El efecto dominó de una crisis azucarera

El 22 de agosto de 1966, a través del decreto 16.926, el Poder Ejecutivo Nacional dispuso la “intervención” de siete ingenios tucumanos. La crisis provocó un efecto dominó y al cabo de dos años, hasta 1968, fueron 11 las fábricas que cerraron. Se perdieron alrededor de 50.000 puestos de trabajo y el resultado fue el éxodo de más de 200.000 tucumanos, quienes emigraron en procura de otro horizonte laboral. 

En aquel entonces, la Argentina era gobernada por Juan Carlos Onganía. La industria azucarera sufría graves problemas de arrastre, potenciados por la sobreproducción de la zafra de 1965. Algunos ingenios estaban en situación de quebranto, otros vivían de un permanente endeudamiento con el Estado y los conflictos con los obreros eran constantes. A los productores el financiamiento no les alcanzaba. La situación, según el Gobierno nacional, era insostenible. 

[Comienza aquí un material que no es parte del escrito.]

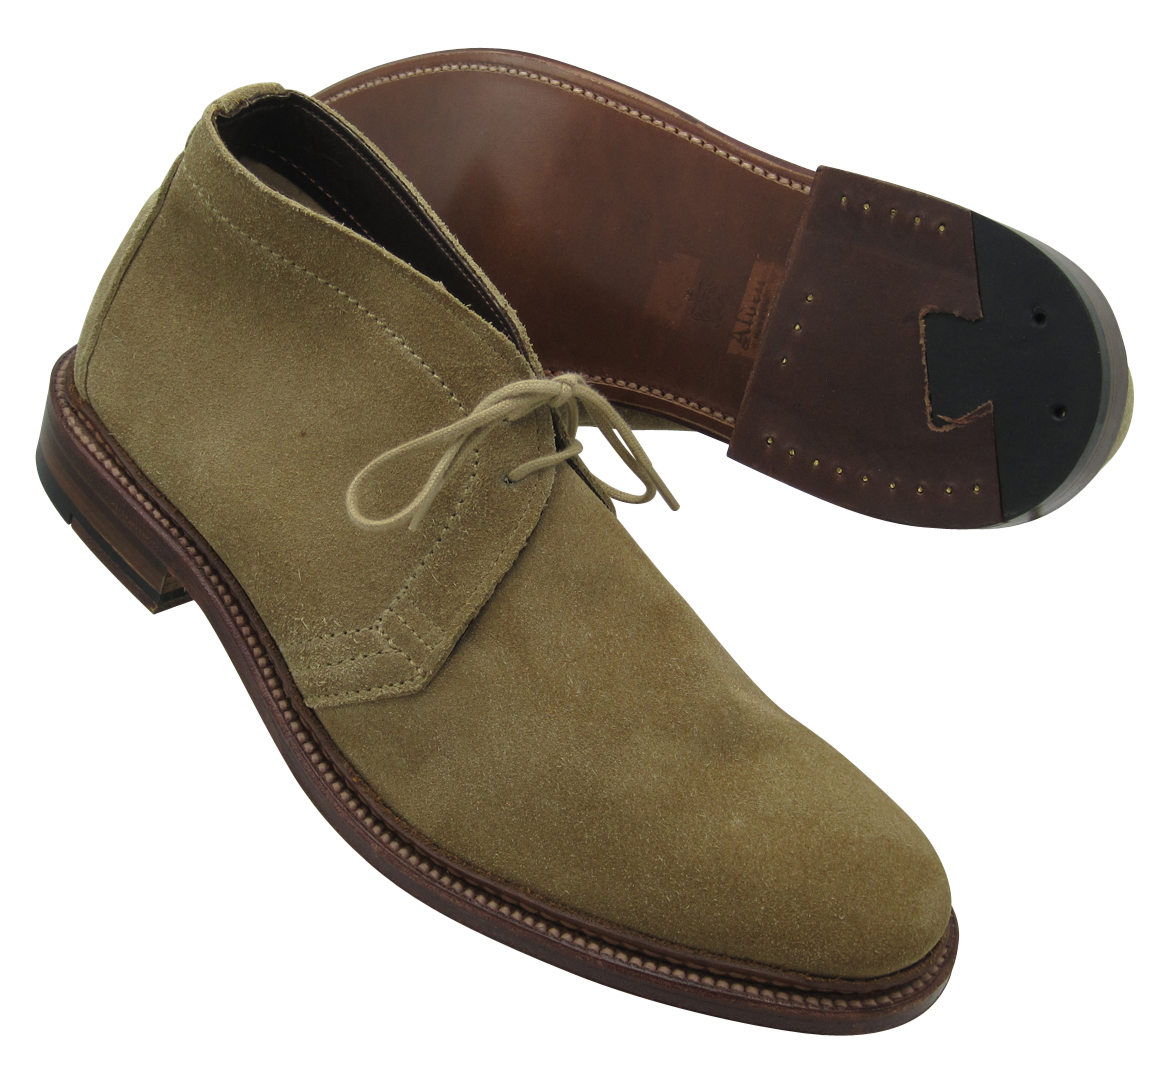 4e8b347ba1e Alden Unlined Chukka Boot Tan Suede #1494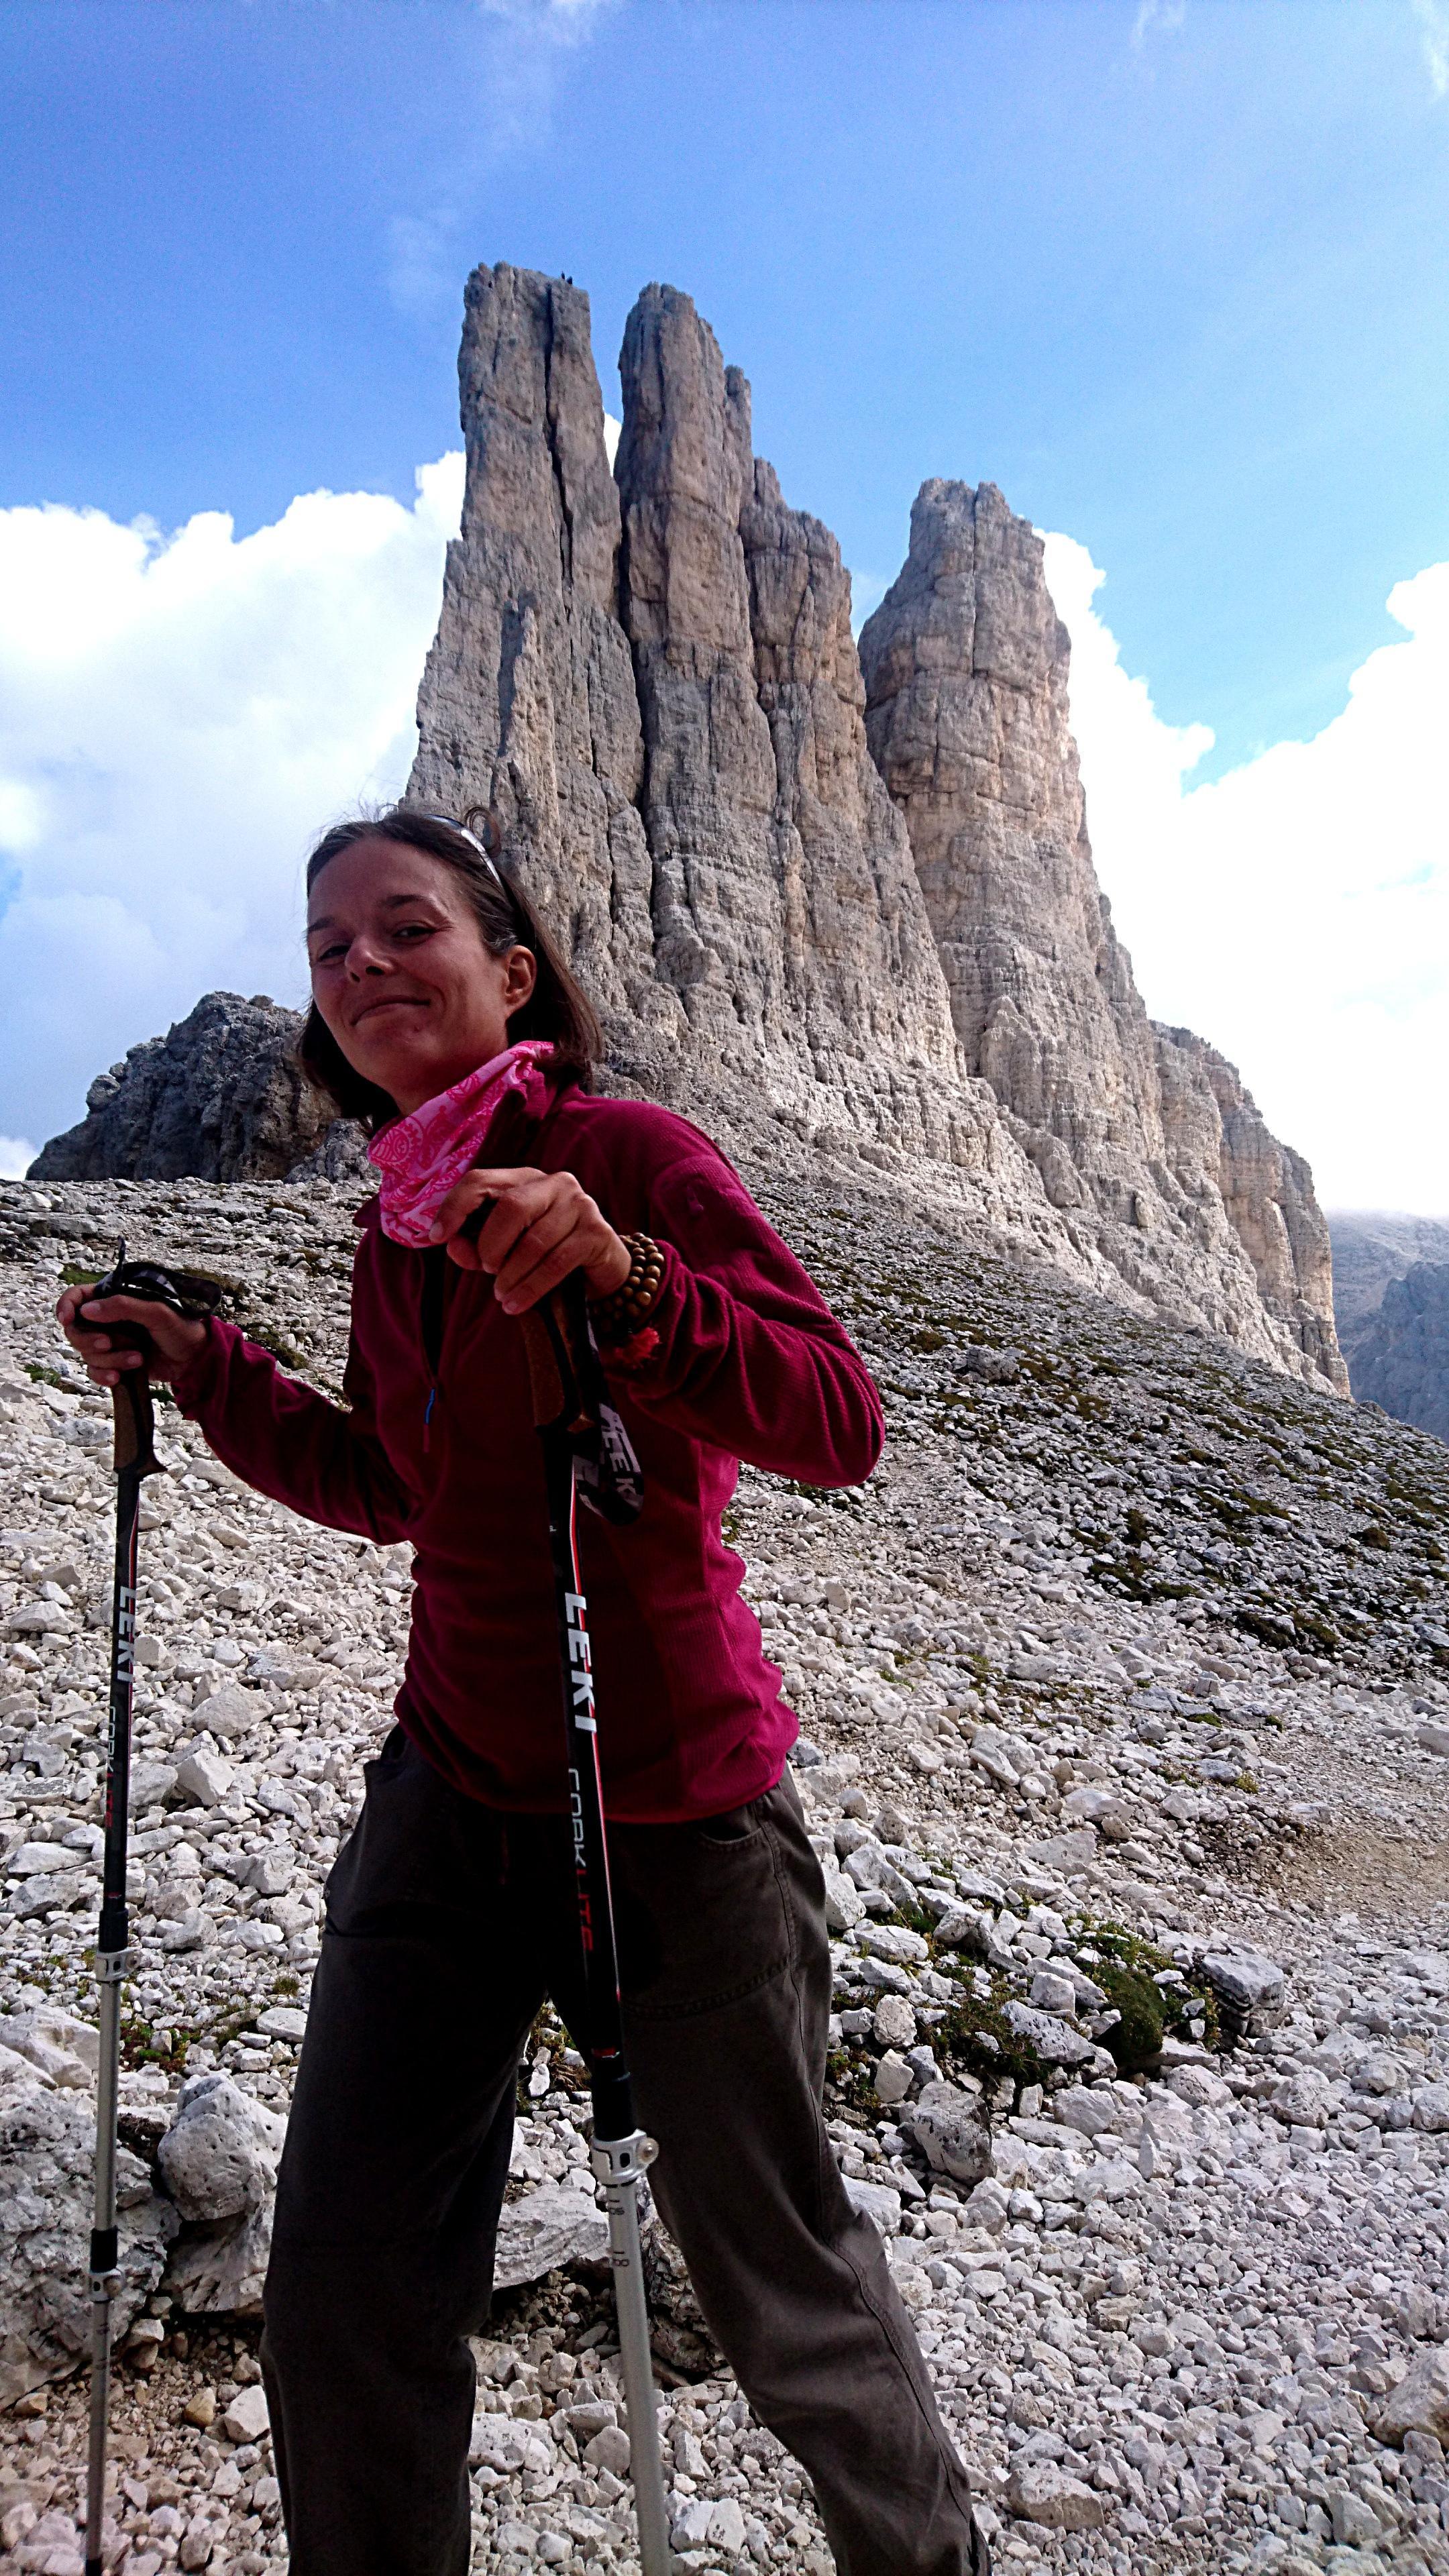 Erica soddisfatta di vedere da vicino questo famoso gruppo dolomitico

El ministro de Economía de ese momento, Néstor Salimei, habló por la cadena nacional de radiodifusión la noche del 21 de agosto. Entre otras definiciones, el ministro afirmó: “después de muchos años de inyectar dinero para subvencionar el monocultivo azucarero, Tucumán sigue al borde del caos. 

El otrora Jardín de la República es hoy, dentro de la Nación, una isla de presente explosivo y de futuro incierto. Hay ingenios que están en quiebra (...)” “Subsistían por motivos electoralistas e intereses minoritarios. Esos ingenios no pueden subsistir y serán transformados (...) Ningún obrero quedará sin trabajo y sin sueldo”, puntualizó Salimei.